Due to this, an increase in efficiency is provided. GTE2 and reduction of fuel consumption by a gas turbine carrier.

When passing through the gas cavity of the air cooler 6, the cooling gas is heated by the heat of atmospheric air and then fed to the heater 13, where its temperature rises due to the heat of the exhaust gases in the gas receiver 14 and in the gas manifold of the combustion chambers 15.

To further reduce the temperature of the air entering the compressor, the signal from the temperature sensor 20, which is supplied through the converter 21 to the actuator 19, opens the valves 17 and the cold gas enters the air drawn into the compressor 5, mixes with the air and lowers its temperature, increasing the cooling effect and reducing the power spent in the compressor to increase air pressure. Cold gas can also be supplied through one or more controlled gas valves 17 in the cavity of the air inlet to one of the gas turbine engine compressors 5 following the first stages, due to which the power spent in the compressor is further reduced, and the efficiency engine is increasing.

The actuator 19 of the valve control system 17 provides gas to the air stream in an amount not exceeding 50% of the amount corresponding to the lower concentration limit of ignition of the air-gas mixture (when using liquefied methane, this amount of gas is 2.5% of the air flow).

Due to this limitation, the formation of an explosive concentration of gas in the air entering the compressor 5 is excluded.

The proposed technical solution provides a decrease in the temperature of the atmospheric air entering the compressor 5 by 40-60 ° C, due to which the coefficient of performance of the gas turbine engine 2 increases by 10-15%.

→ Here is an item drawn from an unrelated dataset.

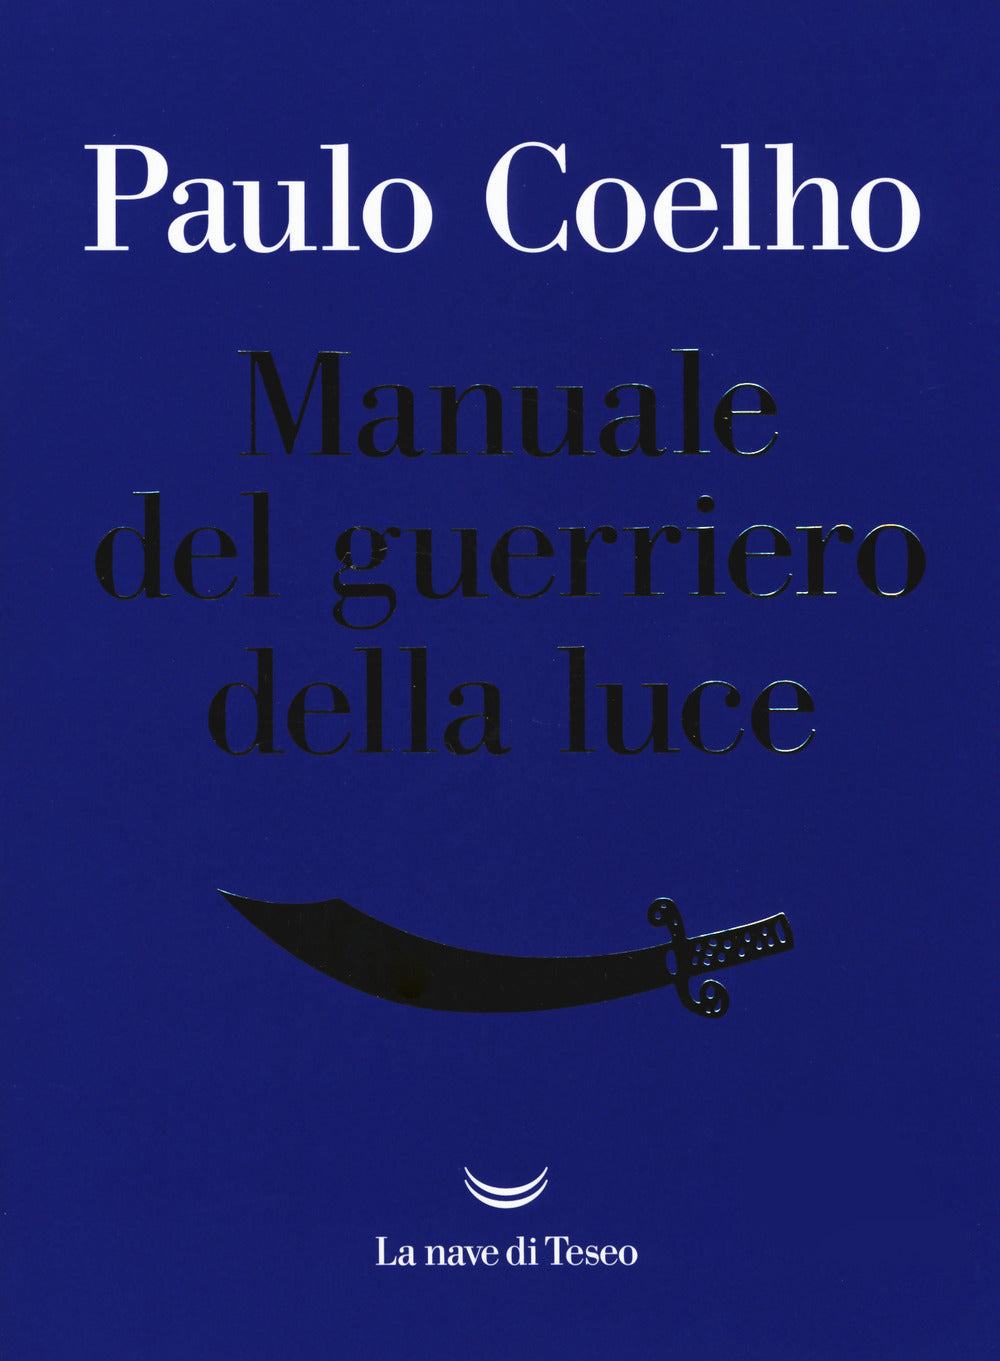 Manuale del guerriero della luce.: libro di Paulo Coelho
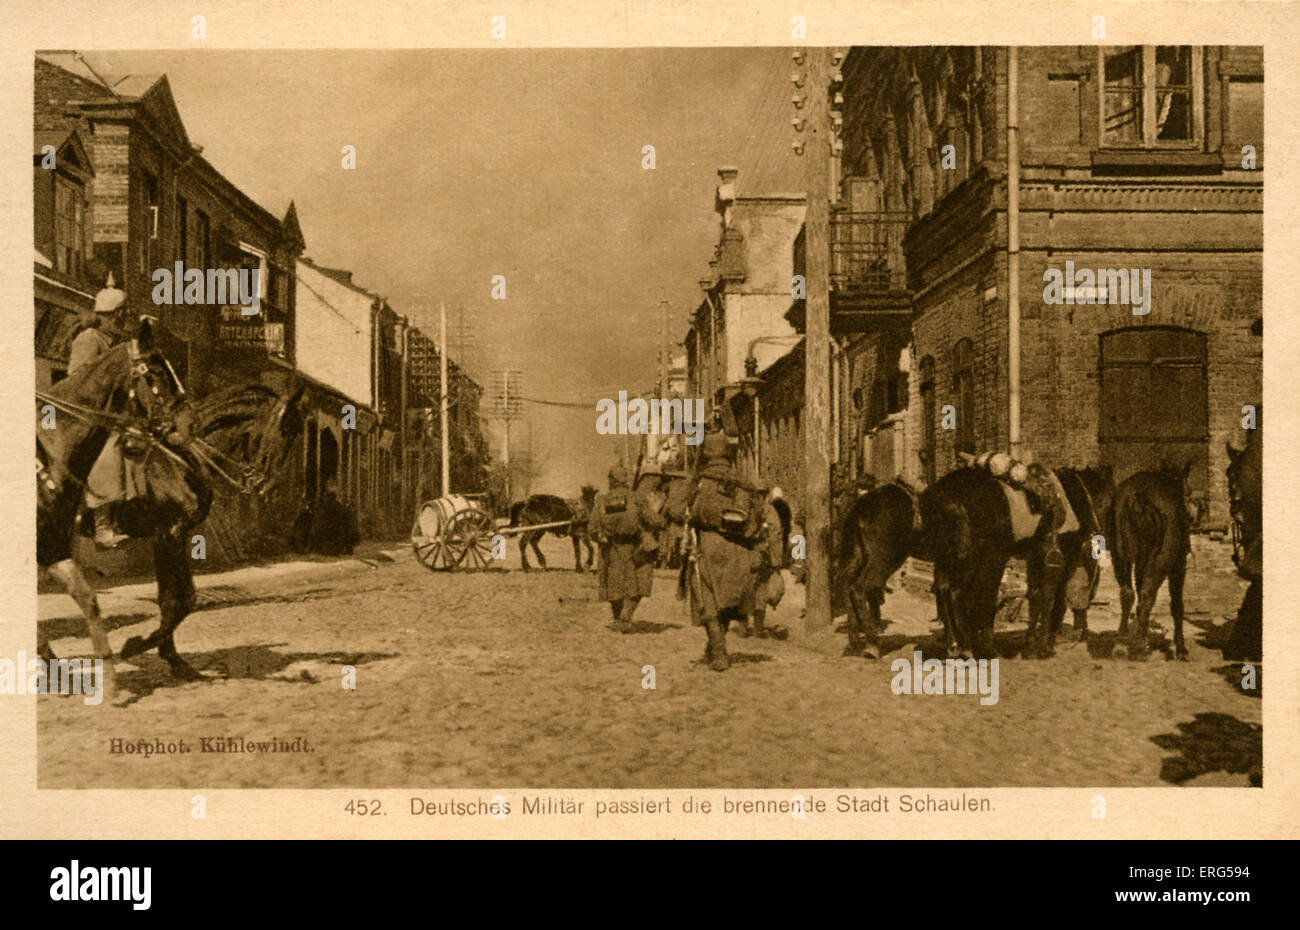 Am östlichen Front Städte unter deutscher Besatzung Weltkrieg. Entnommen aus Foto, zeigt deutsche Truppen durch die Stadt Stockfoto

This allows you to save more than 10% of gas fuel during the operation of a gas turbine locomotive due to the available negative temperature potential of liquefied gas without additional energy costs.

Claims (3)

1. A gas turbine locomotive containing a section with a gas turbine engine, a compressor and combustion chambers of this engine, an inlet pipe of a section for supplying air to a compressor, a fuel heater - a liquefied gas, a cryogenic tank for fuel, a fuel pipe, characterized in that the inlet pipe of a section for supplying air to the compressor is made in the form of an air cooler, with the entrance to the air cavity of the air cooler communicated with the atmosphere, the air outlet communicated with the entrance to the flow part of the first compressor stage, the gas inlet the air cooler cavity is communicated by a liquefied gas pipeline of a section with a cryogenic fuel tank mounted on the booster section, and an outlet with a fuel - liquefied gas heater of a gas turbine locomotive section, a gas receiver and fuel combustion chambers, and the liquefied gas pipeline of the section is equipped with a controlled flow distributor valve gas, directing to the combustion chambers through an air cooler, a fuel heater - liquefied gas and a gas receiver from 0 to 50%, and through a fuel heater - liquefied gas gas receiver - from 100 to 50% by weight of the total gas supplied into the combustion chamber of a gas turbine engine. 2. The gas turbine locomotive according to claim 1, characterized in that the liquefied gas pipeline of the gas turbine locomotive section is equipped with one or more controlled gas extraction valves that are connected to the cavity behind the air cooler and supply gas to the intake air through the atomizers in an amount not exceeding 50% of the lower concentration limit of ignition of a gas-air mixture. 3. The gas turbine locomotive according to claim 1, characterized in that one or more controlled valves for gas extraction from the liquefied gas pipeline sections are connected with the cavities of the air inlet into one of the gas turbine engine compressor following after the first stage.